For the African fighters the war was a “Whites’ affair” that did not concern them directly; many had only a poor understanding of what was at stake. But the loyalty of the black soldiers bears witness to the trust of some Africans in the colonial powers: they hoped that in return they might be rewarded with some relief from the colonial regime.

[p. 67]

[A wide arrow as timeline from 1914 to 1919. In August 1914 the defeat of Togo is visible, in February 1916 of Cameroon, in July 1917 the defeat of South West Africa and within the whole period up to November 1918 the battle in Tanganyika.]

[p. 67, left column]

[textual source]

1 The role of the porters

The question of transport caused the most serious problems. […] We were […] forced to employ thousands upon thousands of natives. Between the end of the railway and the basis of supply were often around thirty stages, so that in the case of the 70 mm shells, for example, as one man was able to carry only four, one hundred porters were required to walk for one month in order to replenish a single battery of projectiles necessary for a single shot. Even the canons had to be transported in a similar manner. For the march, each canon was dissembled into charges of 90 kilograms, an enormous weight for men who had to carry out the transportation on bad roads or via marches by the force of their muscles. It was the same for the food […] and also the ambulances including everything what was necessary.

Pierre Daye, L’empire colonial belge , Bruxelles, Paris, Editions du Soir – Berger – Levrault, 1923.

3 War in Black Africa

[Map of Africa showing the countries as neutral, colonies of the entente and German territories. In the German areas, movements of the allied troops and the Germans are represented by arrows.]

[p. 67, right column]

2 In the war

This soldier wears on his head the helmets of German soldiers whom he had killed.

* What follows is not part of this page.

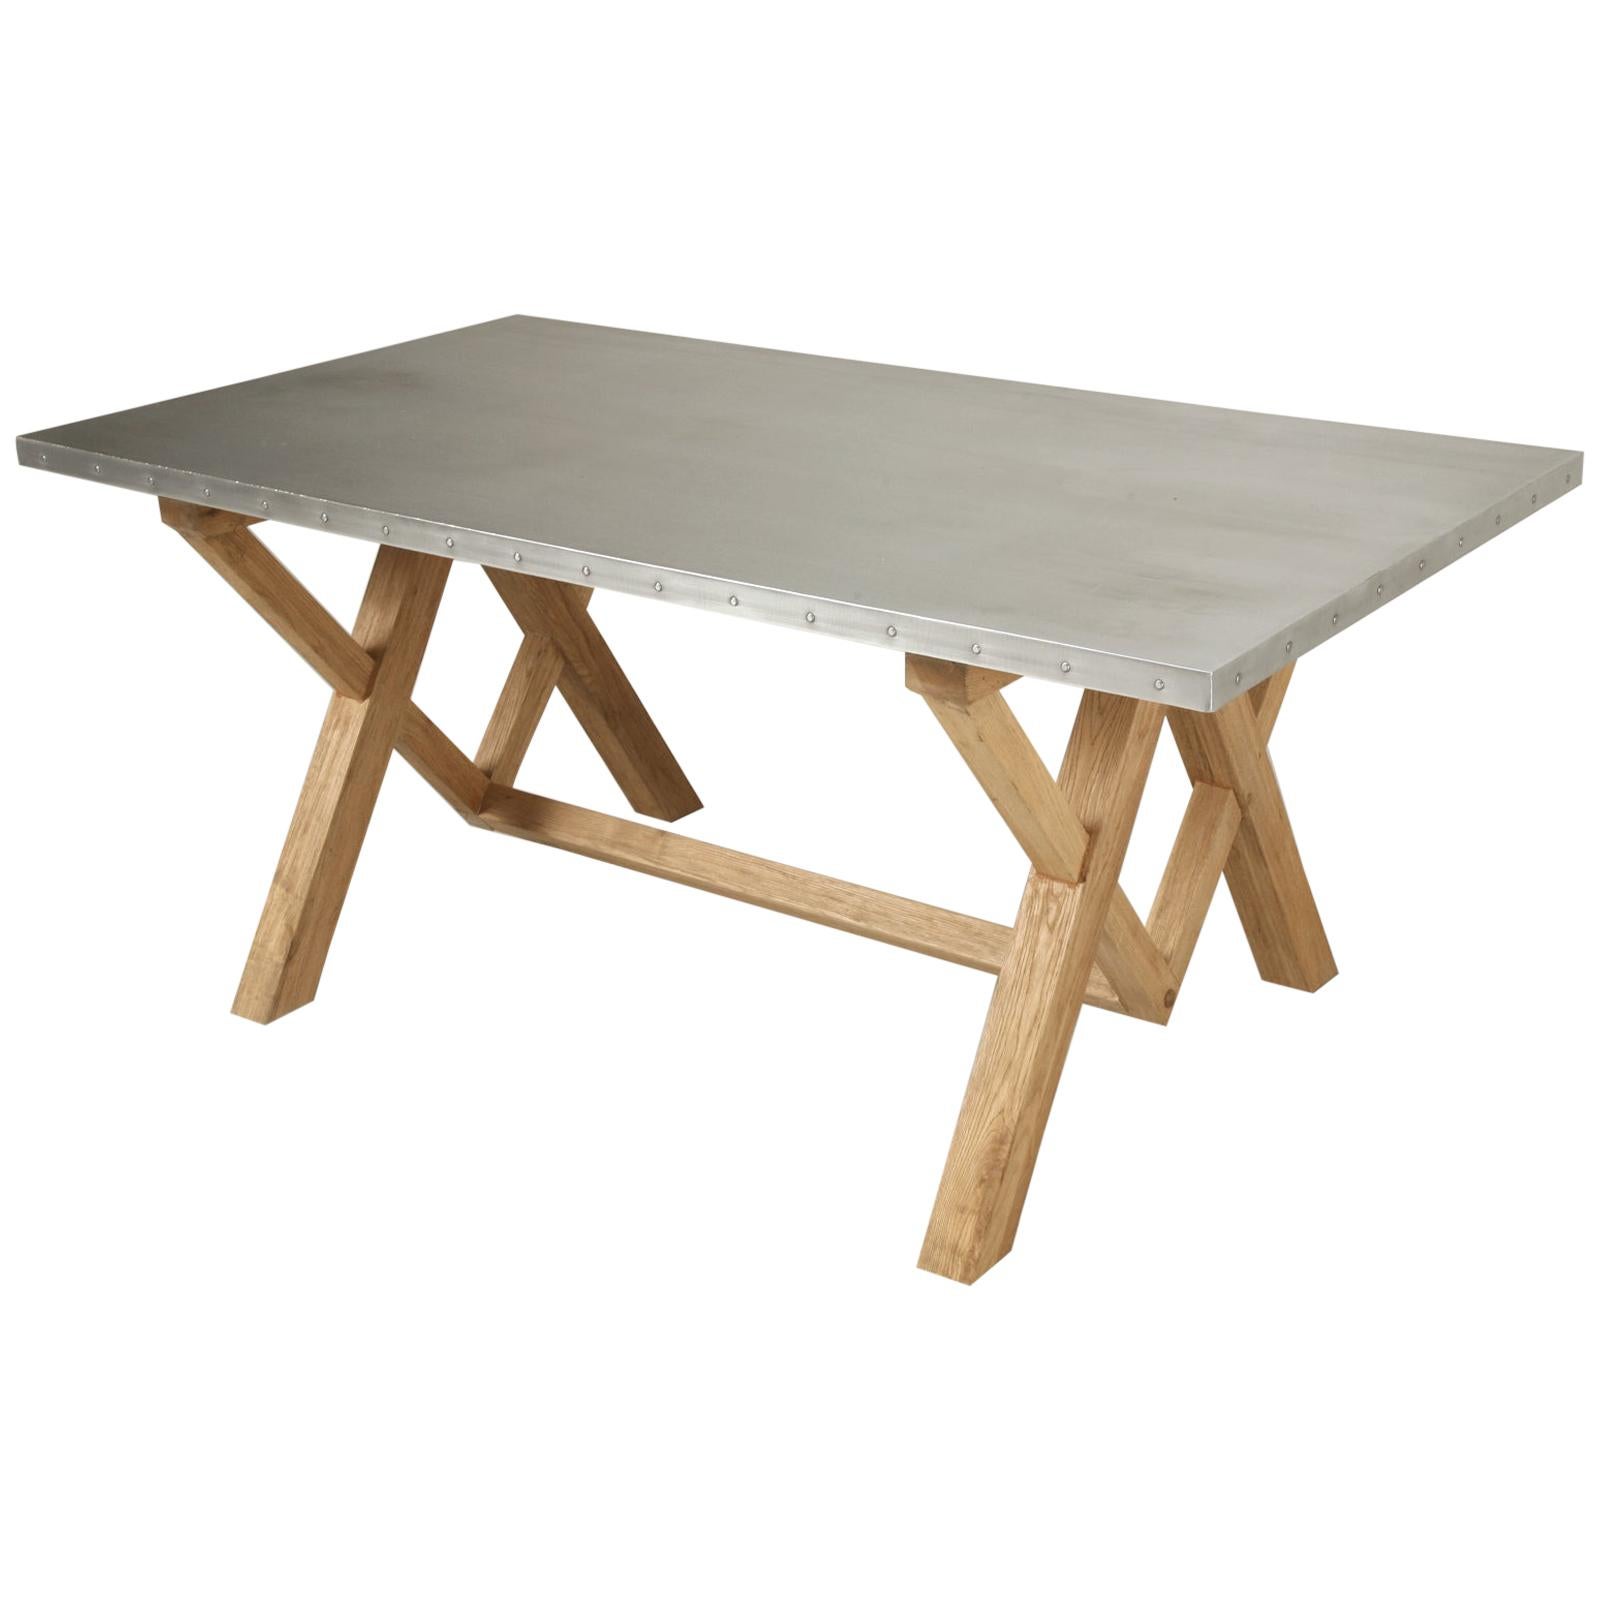 Original Zinc Top Farm Style Dining or Kitchen Table in Any Dimension
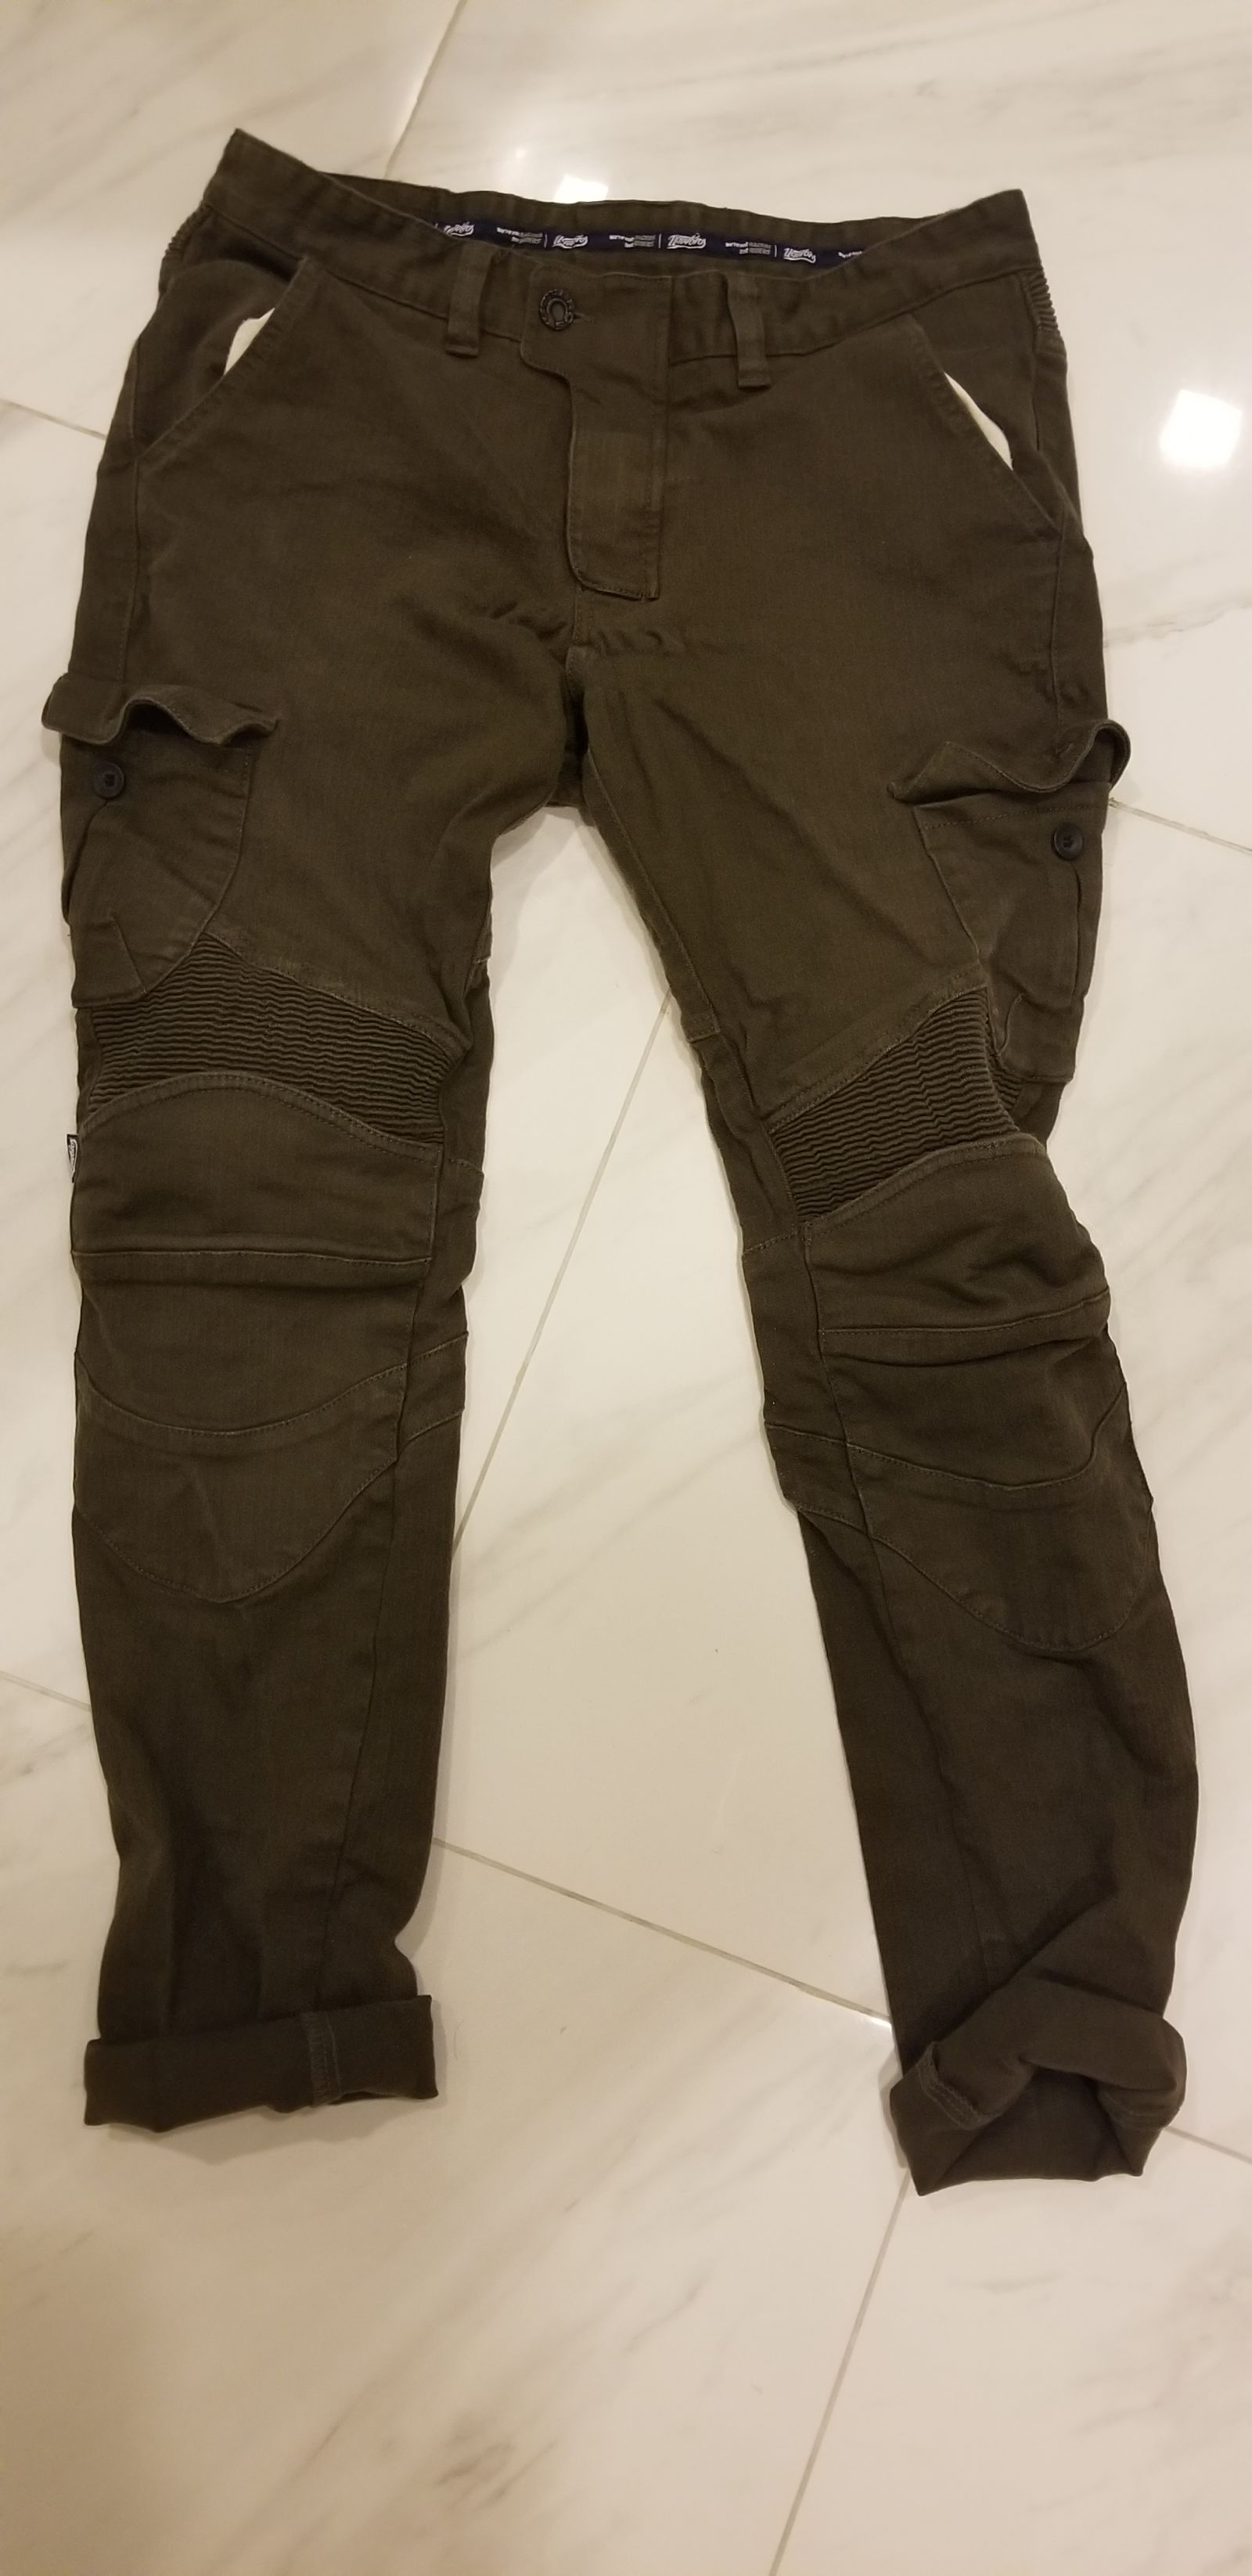 Illustration for article titled Motorcycle pants are the unsung hero of my travels - Uglybros review

[Black and White photograph of an African soldier who put two German helmets on top of his headgear. He is wearing a simple linen uniform and a backpack and holds a gun in his folded arms.]

[Text in the picture, below] Glory to the greatest France


4 The black soldiers in Europe

No, the Blacks were not happy! The autumn had come. The rain did not stop falling, the wind raged in the forests, and the mud weighed down the vast boots which fit the thin legs badly. In the cold north wind and the rain showers the tallest bodies were huddled up, made small in their coats, and it was as if their tongues were frozen in their mouths. No more conversations, no more jokes. Everybody was hacking away in silence at the quarry stones. […] All they wanted all day long in this desert of cold and mud was the fire, the warm food, the shelter of the hut. In the evenings, pressed up against each other, they gathered on their clothes and blankets and fell into a feverish sleep against the sound of all those whose chests were shaken by coughs, their minds empty and ice-cold, their bodies stiffened by the lamentations of the wind and the noise of the water with its gloomy tam-tam on the tin roof.

Jerôme and Jean Tharaud, La randonnée de Samba Diout , Paris, Plon, 1922.